# Kids Playground Area



## Nkoehn22 (Aug 21, 2017)

The first major structure in our new backyard is up and finished. The kids new playground was put together the week after Christmas. I put together a barrier to keep the mulch in with treated yard timbers and pounded 2ft rebar into the ground to keep the timbers in place and for additional support I used 6" wood screws to combine the second layer of timbers together with the bottom. The seams are staggered to help with additional support. The last thing that needed to be done was to add eight yards of certified playground mulch. We went with this type because its chemical and dye free. We have a 1 -1/2 year old Golden Irish Puppy and yes he love to chew on some of the mulch. The new yard is starting to come together. little by little. 



00


----------



## Harts (May 14, 2018)

Love it. I'll be taking on a similar project this Spring for my kids.
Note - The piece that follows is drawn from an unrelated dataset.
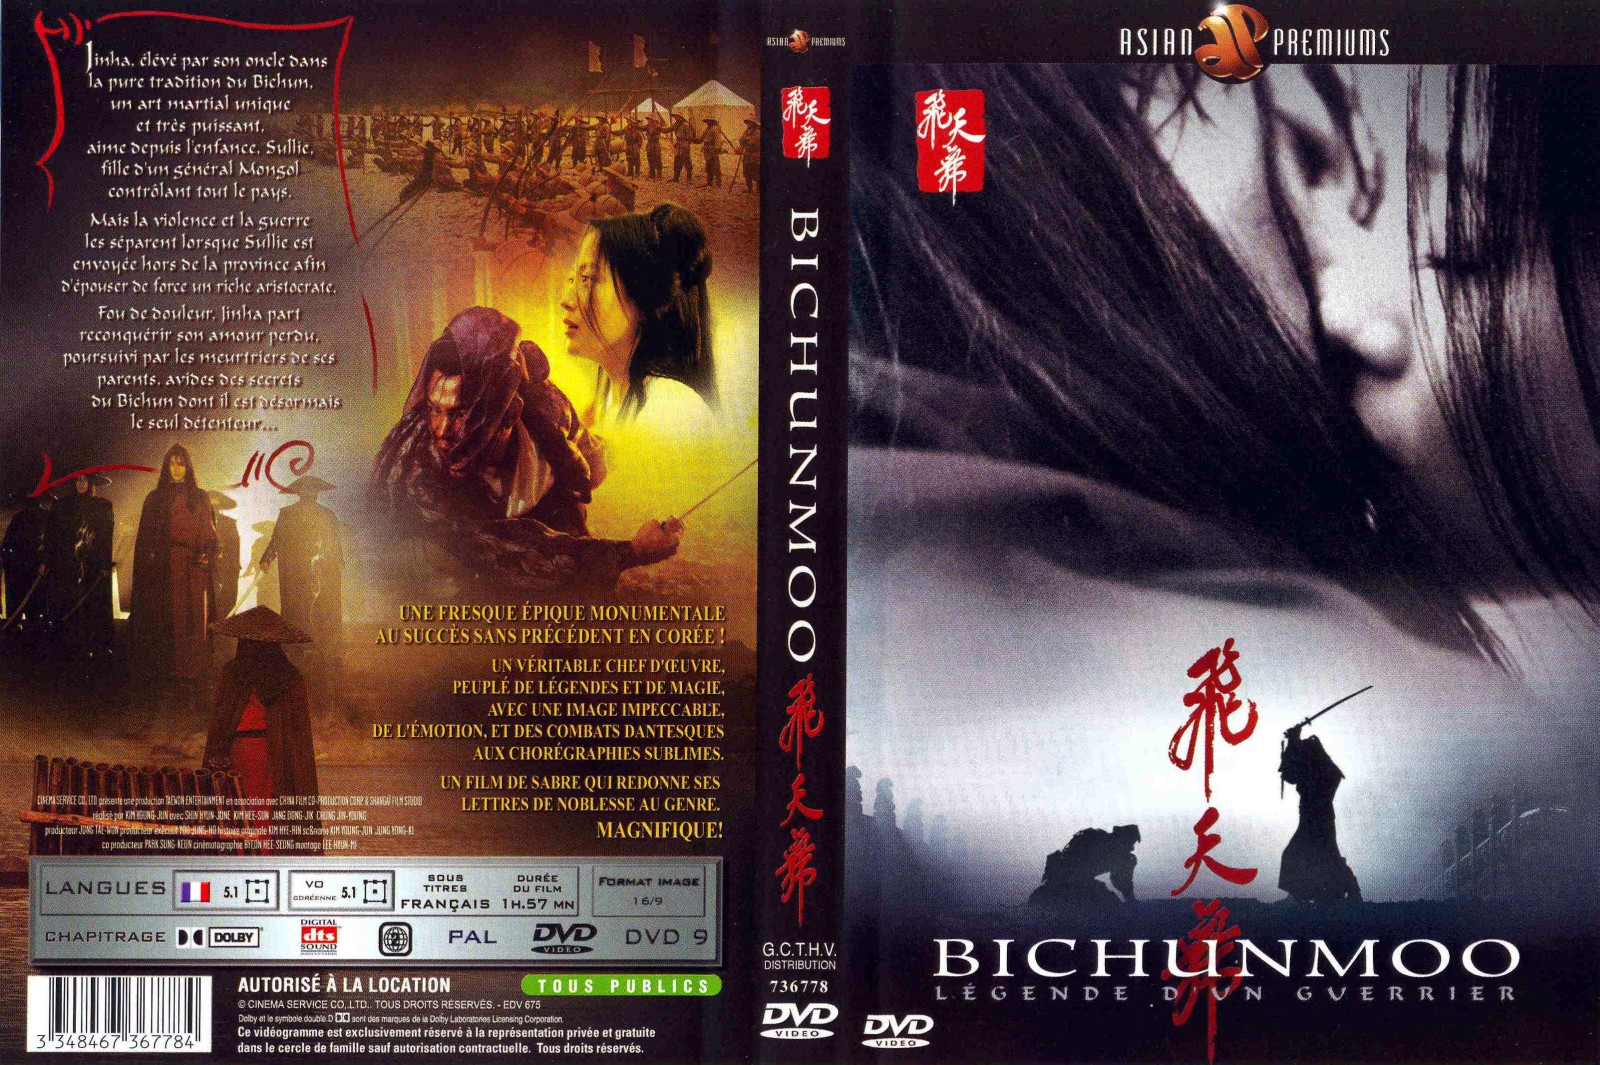 Jaquette DVD Bichunmoo v2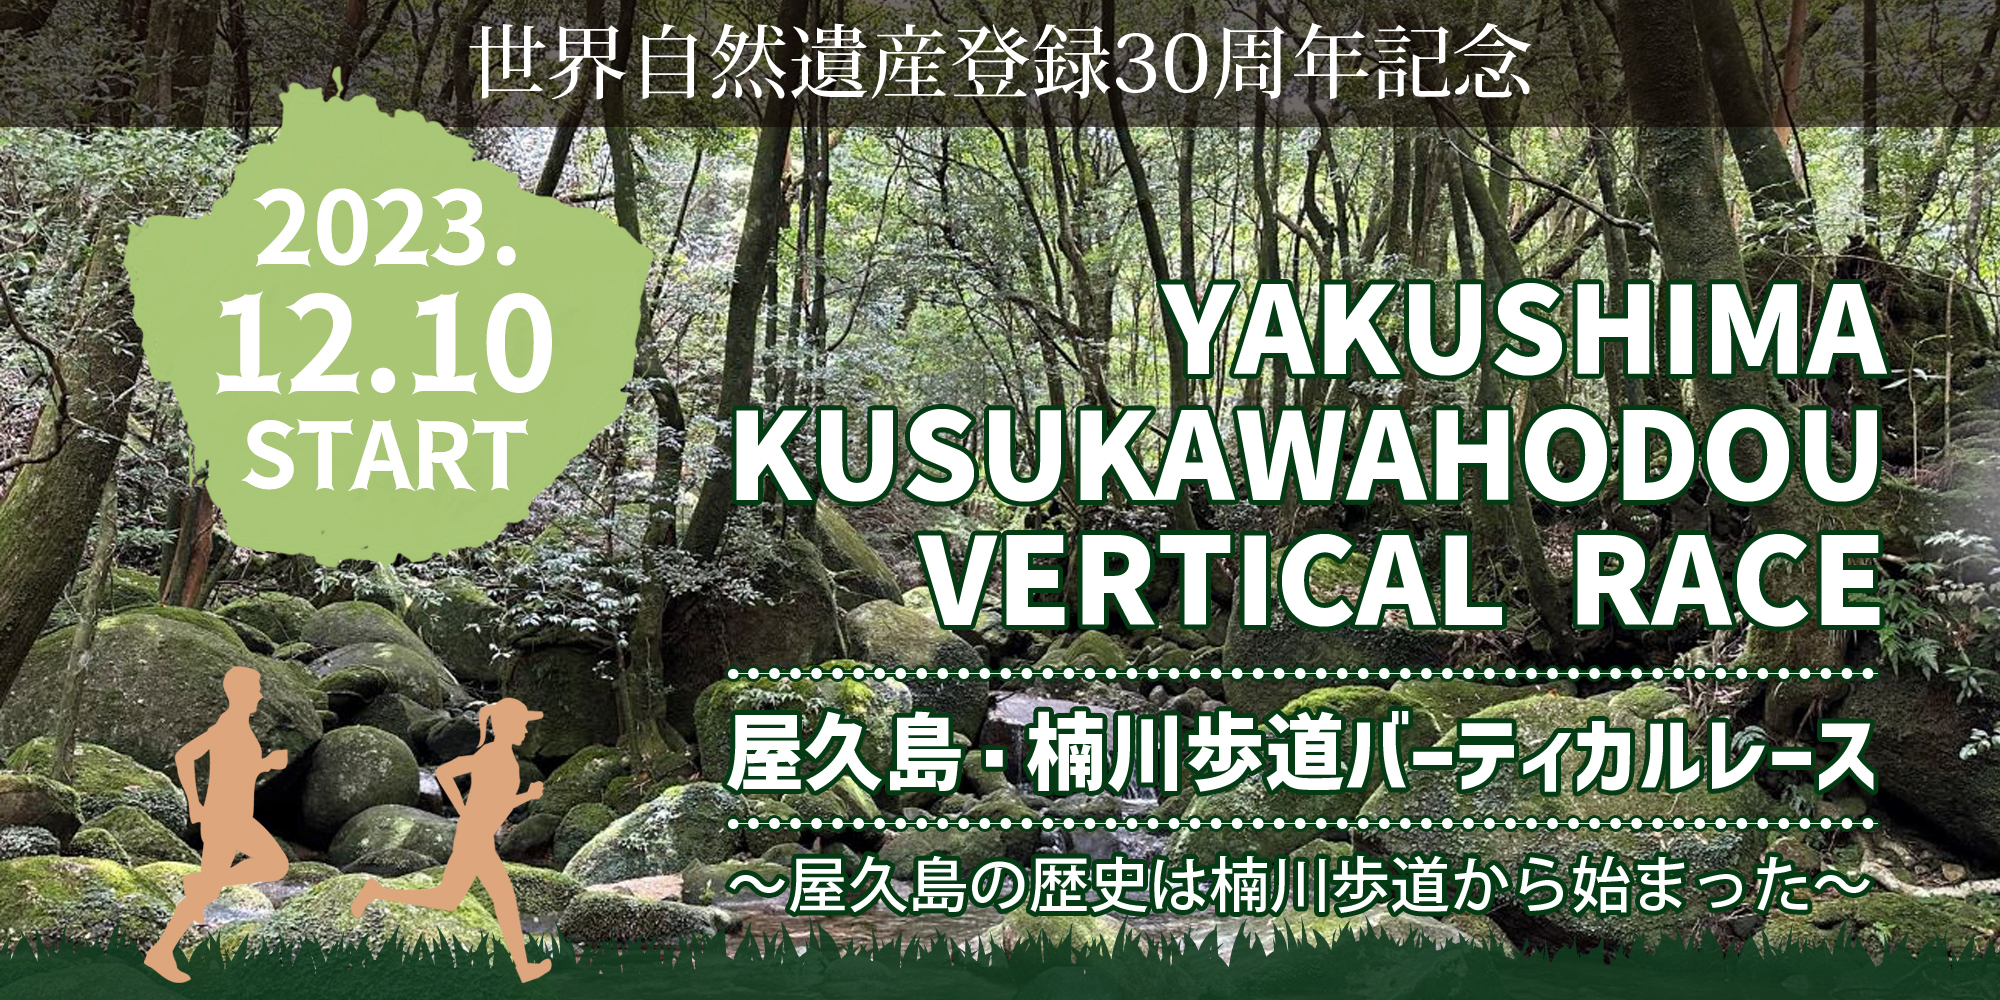 【ENGLISH】2023.12.10 START YAKUSHIMA, KUSUKAWA HODOU VERICAL RACE

How many inches thick is the mulch layer?


----------



## Nkoehn22 (Aug 21, 2017)

Since this was the base layer, I went with 8 yards of mulch about 4 to 5 inches deep. That was plenty for now, but this spring or summer I'll have more brought in.


----------



## dsc123 (Mar 22, 2020)

Looks great. Thinking of doing something similar. I was told a spade edge would be enough to hold it all in but I'm skeptical.


----------



## JolynnGood (7 d ago)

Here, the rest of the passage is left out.